No, this time, Holly gets to build a roster and staff.
Racing Louisville FC will enter the NWSL next season, in what fans over the world in all sports will hope to be a normal year. However, the preparation ahead of the introduction of the Kentucky-based club is anything but normal. There isn’t a “regular-season” for Holly to scout players. Instead, he’s relying on a tournament and a slate of friendlies through the NWSL Challenge Cup and Fall Series, respectively.
This season is already unusual. Now, Holly has to find a way to build a new club out of it.
In an exclusive interview with Last Word on Soccer, Holly said he’s up for the challenge.
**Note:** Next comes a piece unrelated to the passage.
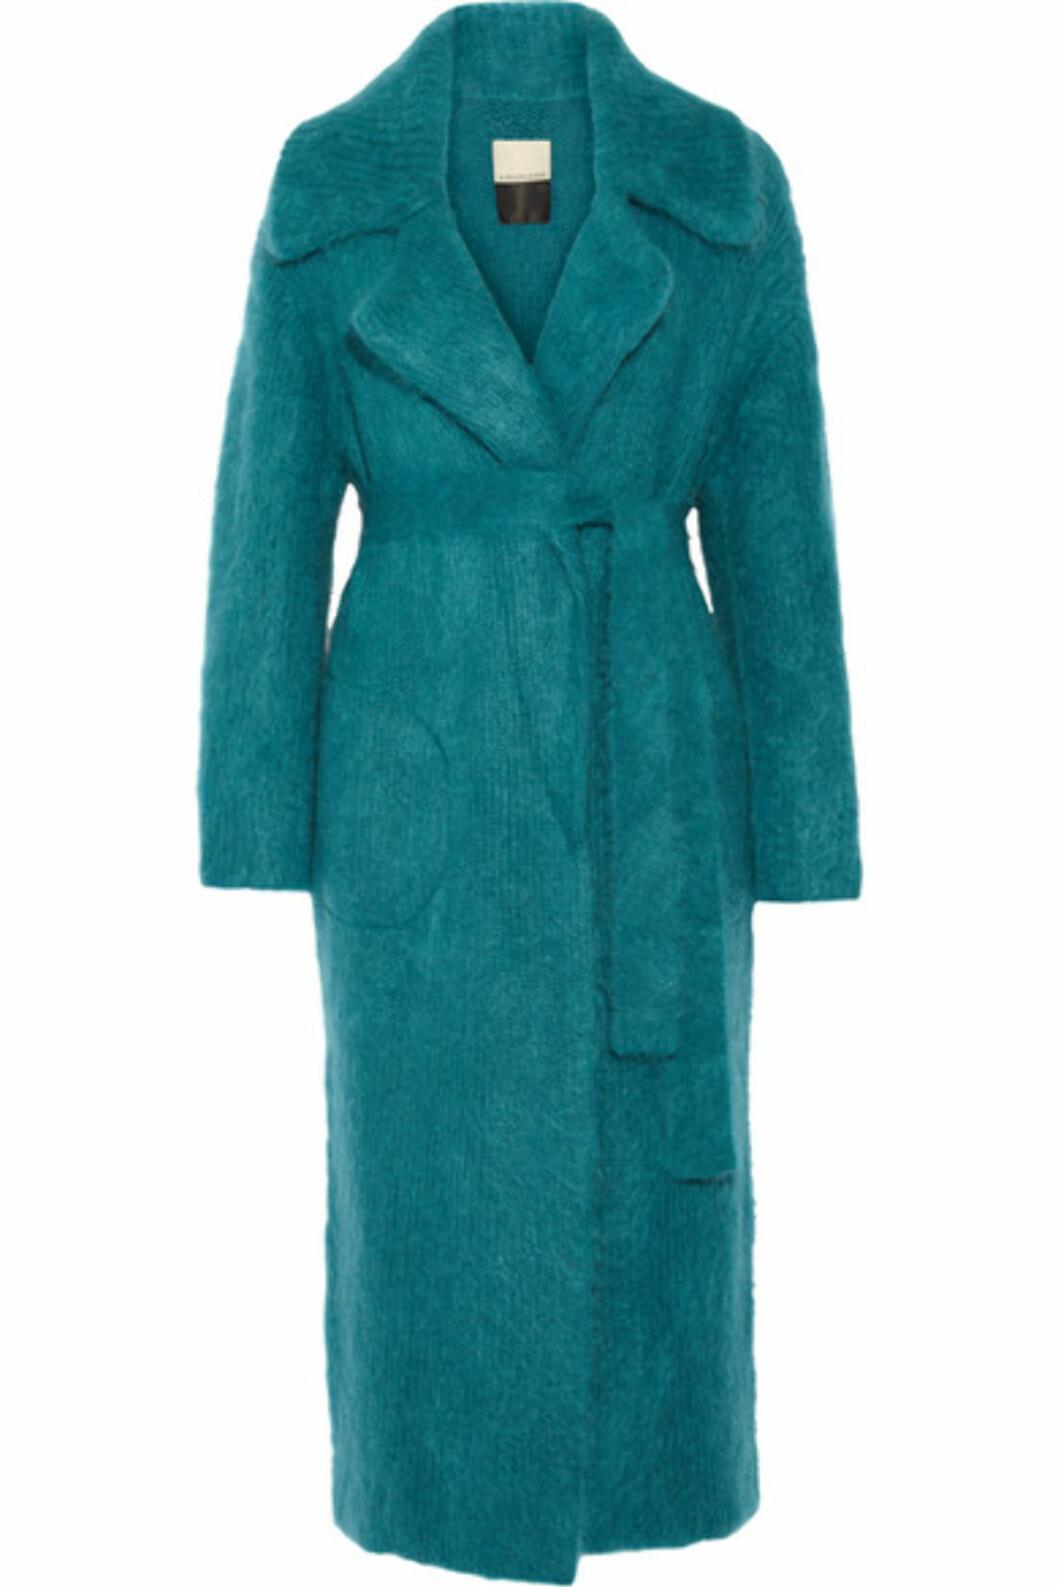 Kåpe fra By Malene Birger via Net-a-porter.com | kr 6378 | https://www.net-a-porter.com/no/en/product/751301/by_malene_birger/jovillan-ribbed-knit-coat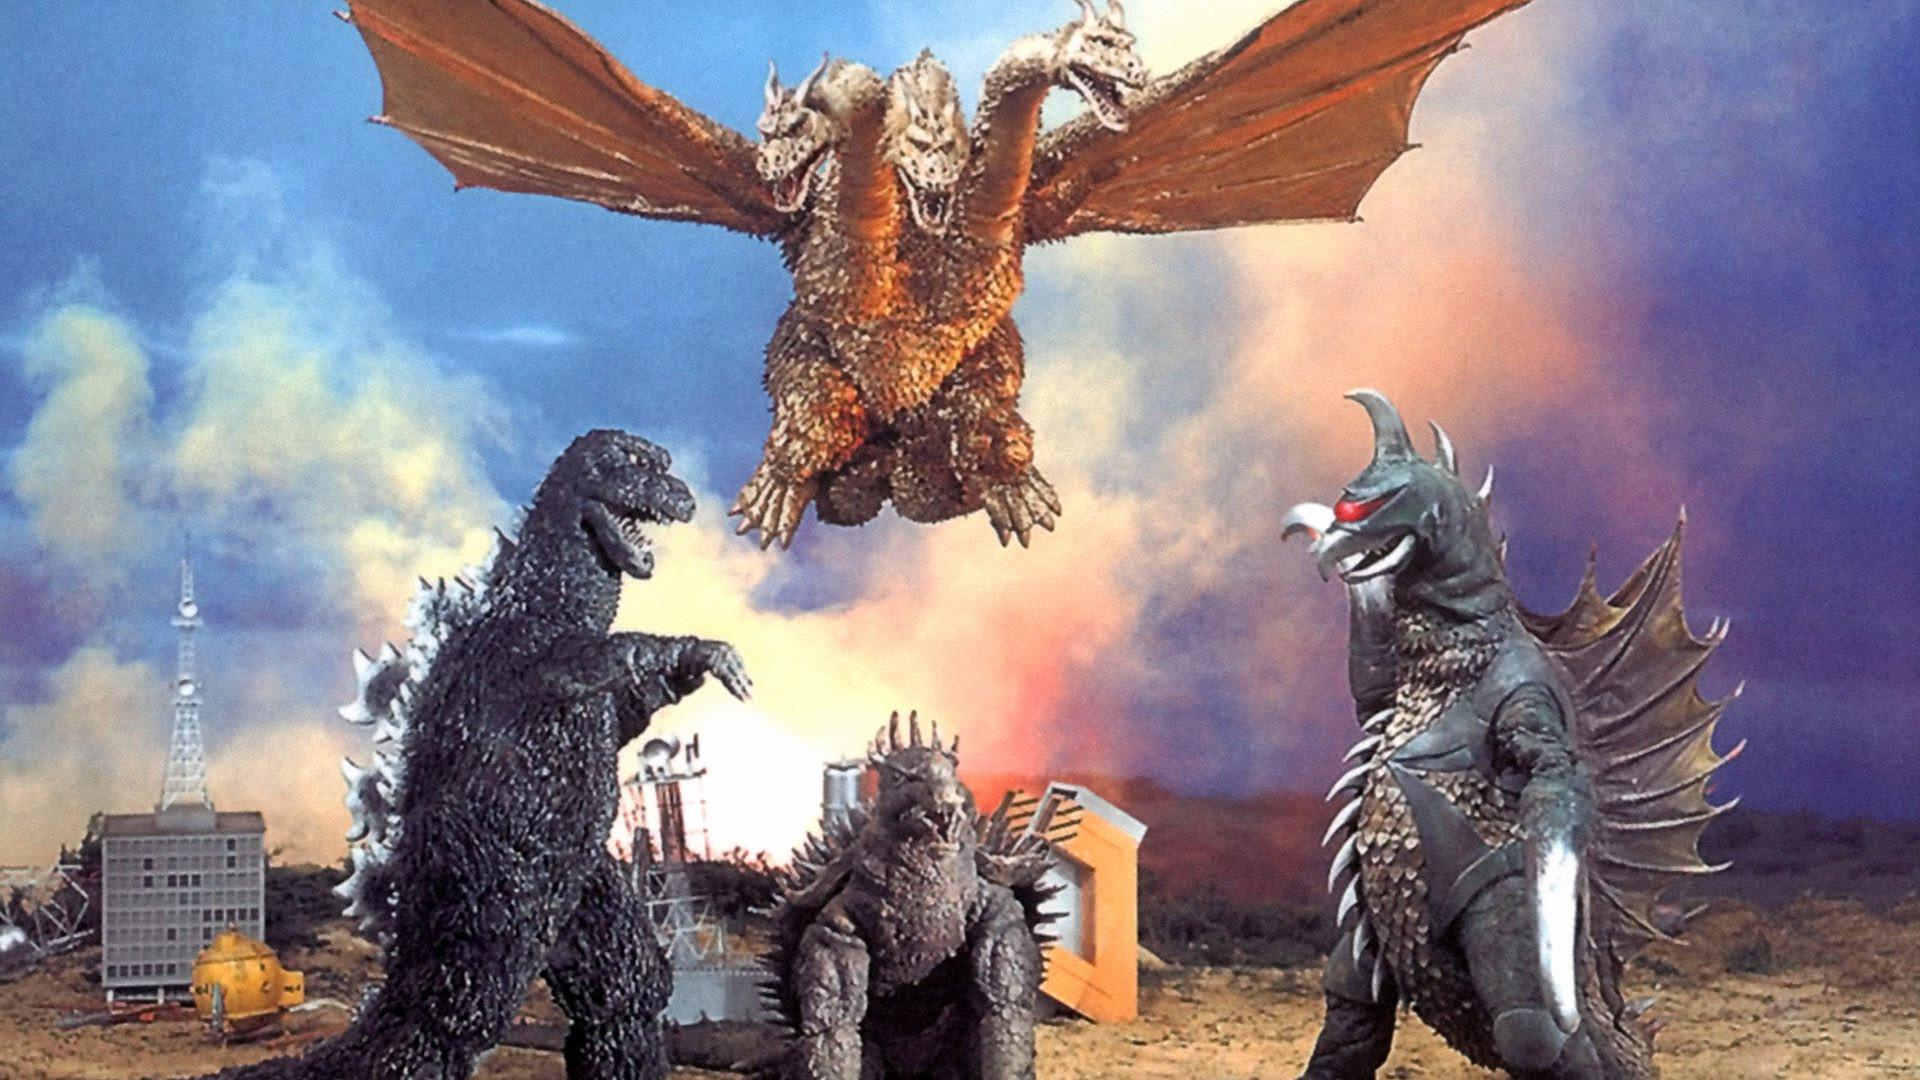 Res: 1920x1080, Godzilla Wallpaper Awesome Monster Movie Reviews Godzilla Vs Gigan Pt 2 Of 2

“We as an organization are excited to build something that is Louisville, every demographic of Louisville,” Holly said. “There’s a lot of turbulent things happening and sports can be a great outlet and a great positive factor for communities. We want to build something here that the city and state are proud of. We want to give a great platform for the top athletes in this country.”
Eyeing the NWSL Challenge Cup and Fall Series
Holly said that he’s been paying close attention to the Challenge Cup and now the Fall Series. He’s taking notes on players that he’ll look to draft in the Expansion Draft. There is no set date or rules laid out for Louisville yet, though.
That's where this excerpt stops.